Помалкивала нечисть.
Потрескивал перелетный огонек, то вспыхивал ярко, то чуть светился голубенькой змейкой.
Один забубённый – Коровья-нога, облизнувшись, сказал:
– Я, Коровья-нога! Есть зверь кот-и-лев – есть он зверь страшный, усатый, а корокодил, я ничего не слыхал о корокодиле.
|
102
|
– А нас совсем по-другому, – пропищал Долгоносик, – нас у Адама было детей много. Раз на Пасху приказал Бог Адаму вывести всех нас детей себе на показ. Адам постеснялся: совестно тащить такую ораву. Потащил Адам только старших, а мы дома остались. Мы и есть эти самые скрытые домашние дети Адама.

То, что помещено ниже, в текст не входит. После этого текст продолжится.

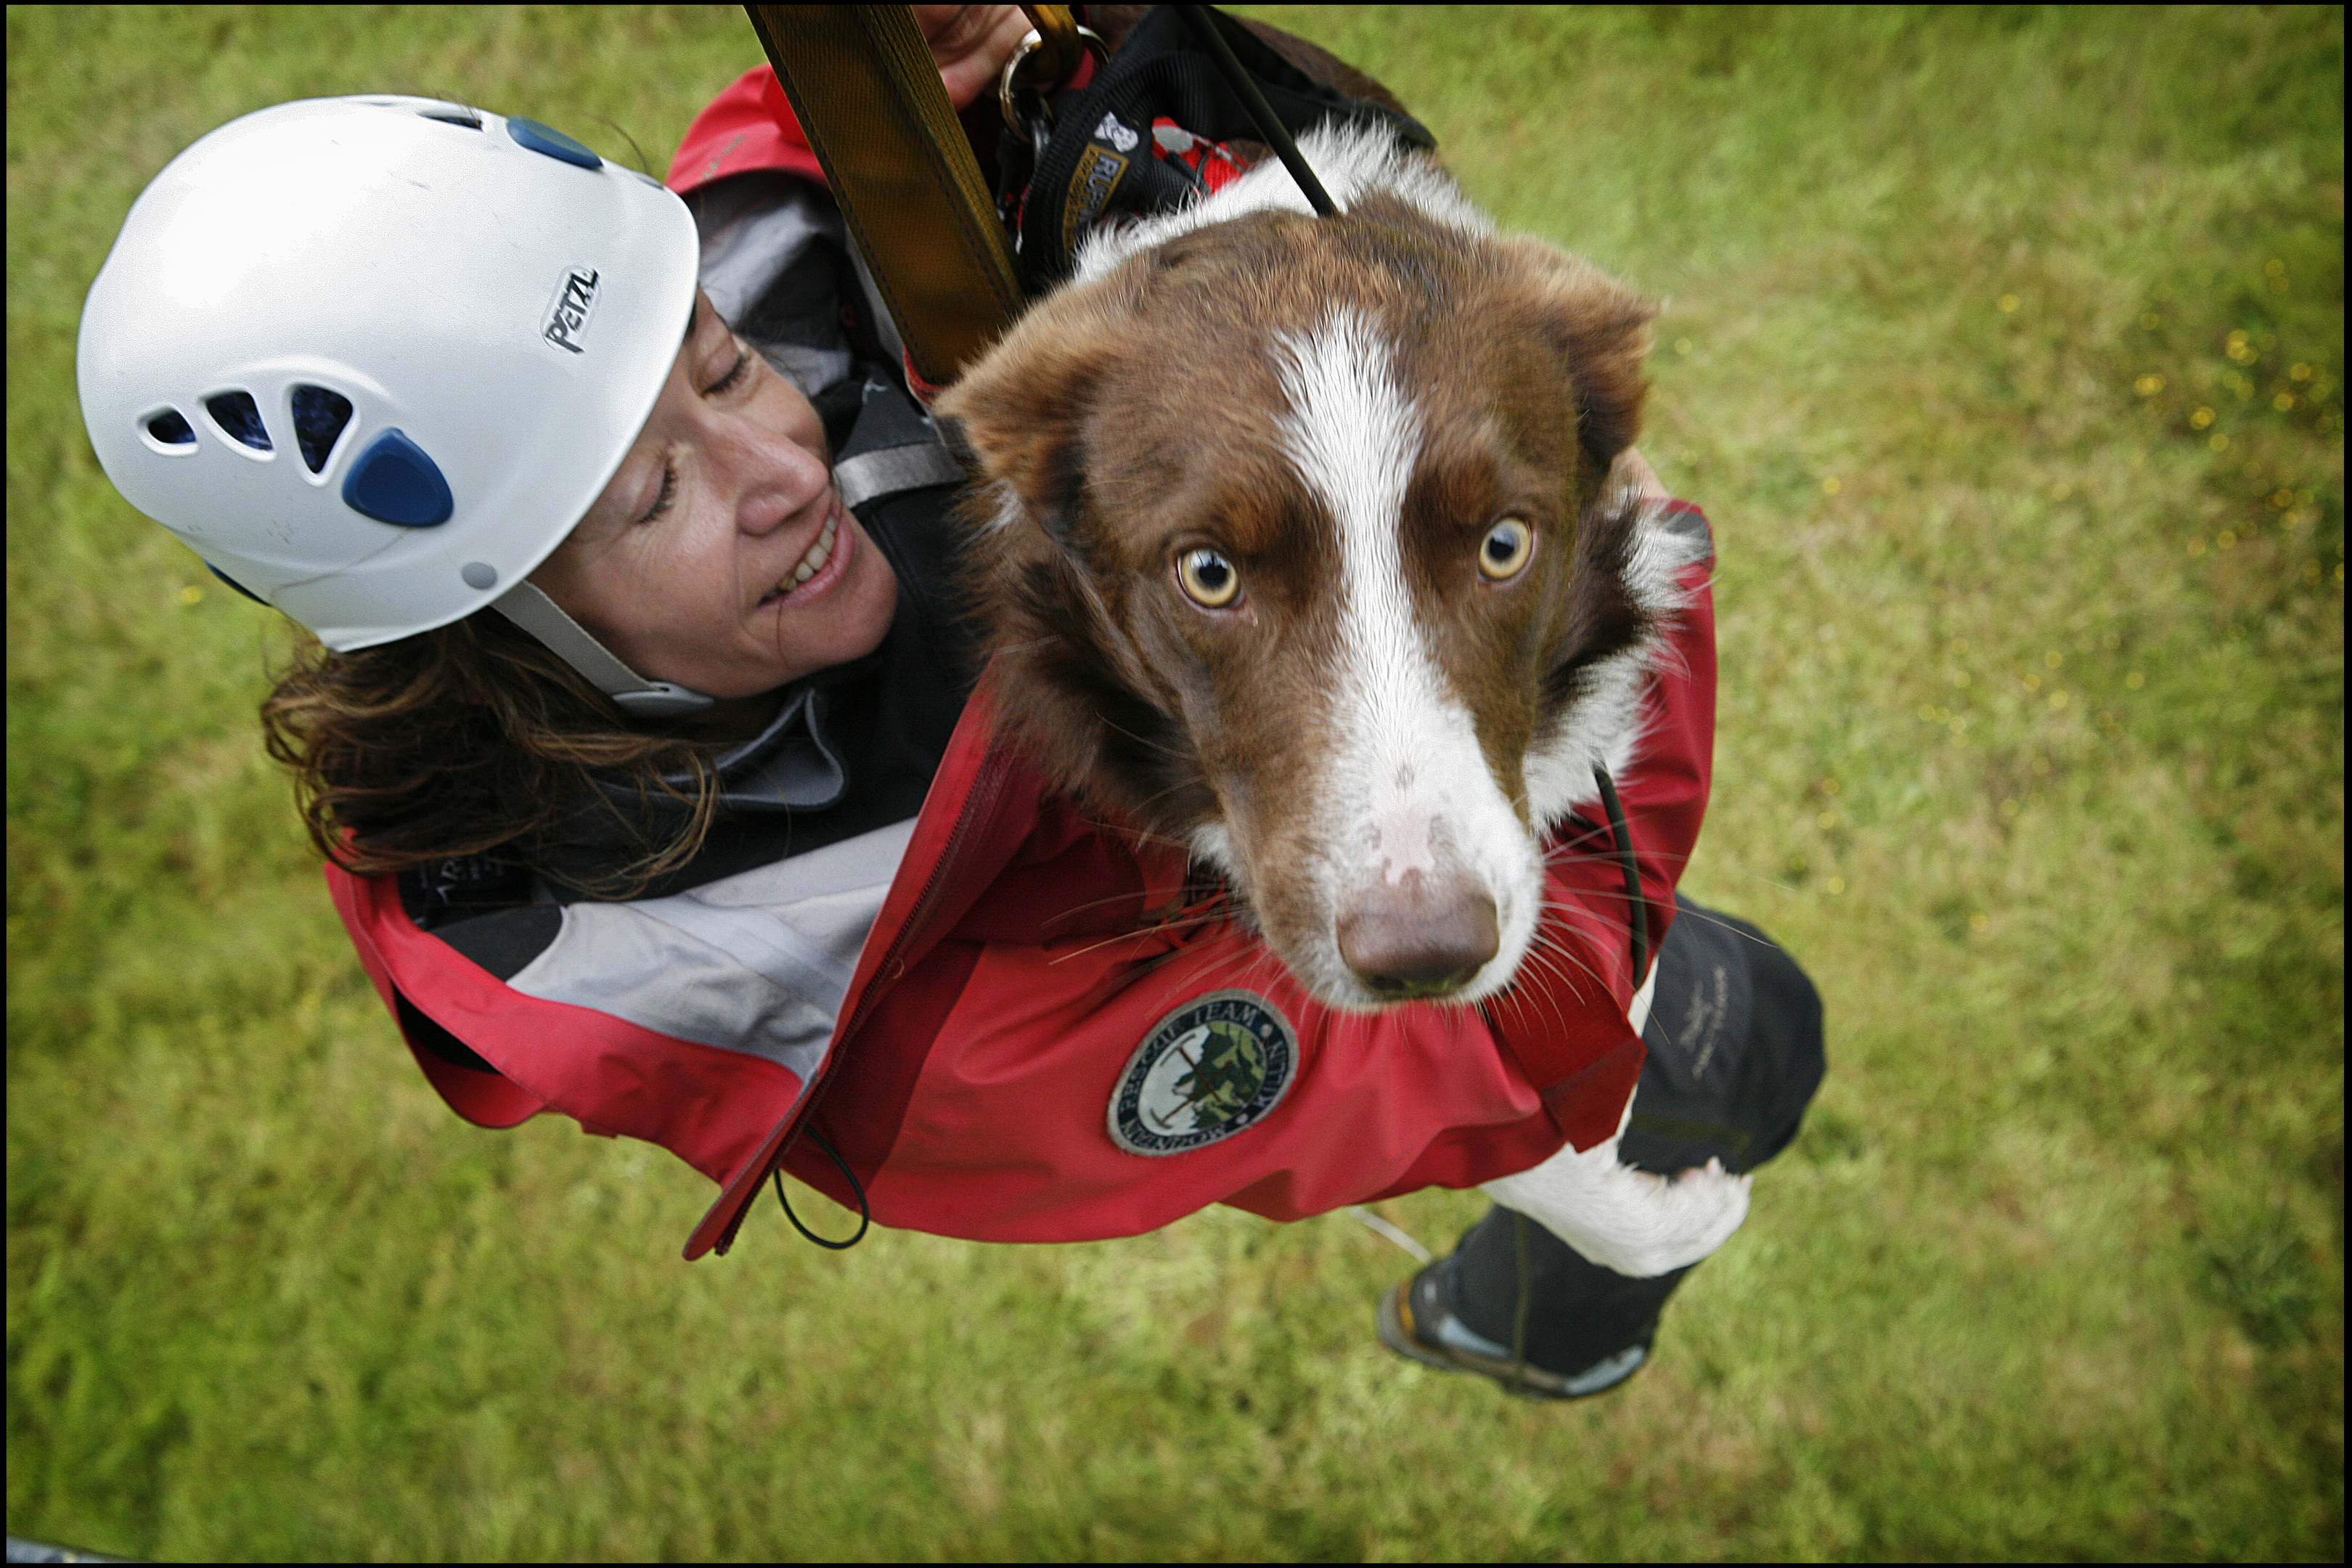 Search and Rescue Dog Association training.

– А мы падшие духи, – прошипел тихоногий, – падшие духи, были мы очень надоедливы, дела не делали, ходили по пятам Бога, ну Бог нас и турнул с неба.
– А мы неверные, мы бывшие ангелы, погнал нас архангел. Сорок дней мы летели, сорок ночей, и кто куда попал, тот там и остался, – ввернул от себя бывший ангел, ни на что не похожий: нос – зарубка коромысла, ноги завиток бересты, а легок, как шишка хмеля.
– Зверь кот-и-лев есть страшный, усатый... – облизывался забубённый Коровья-нога; дался Коровьей-ноге этот зверь Котылев.
А с весеннею полночью прямо на нечисть шла по весеннему лугу дочка-веснянка, Зовутка.
Стала Зовутка. Звездою рассыпалась ее завивная коса. Моргнула Зовутка зарницей.
И словно громом ударило нечисть.
Из прошлогодней соломы закурлыкал лядащий бес соломин, притрушенный теплой соломой, и откликнулся луг, загудел, и весь берег защелкал и заахал и зааукал, застрекотал лес стрекозою.
Пошел хоровод, заиграл, закружился, – ой, хоровод!
Либо копыто, либо рога, либо крыло, либо, Бог знает что, а может быть, зверь кот-и-лев, может быть, сам зверь корокодил, что-то, кто-то отдавил волку лапу.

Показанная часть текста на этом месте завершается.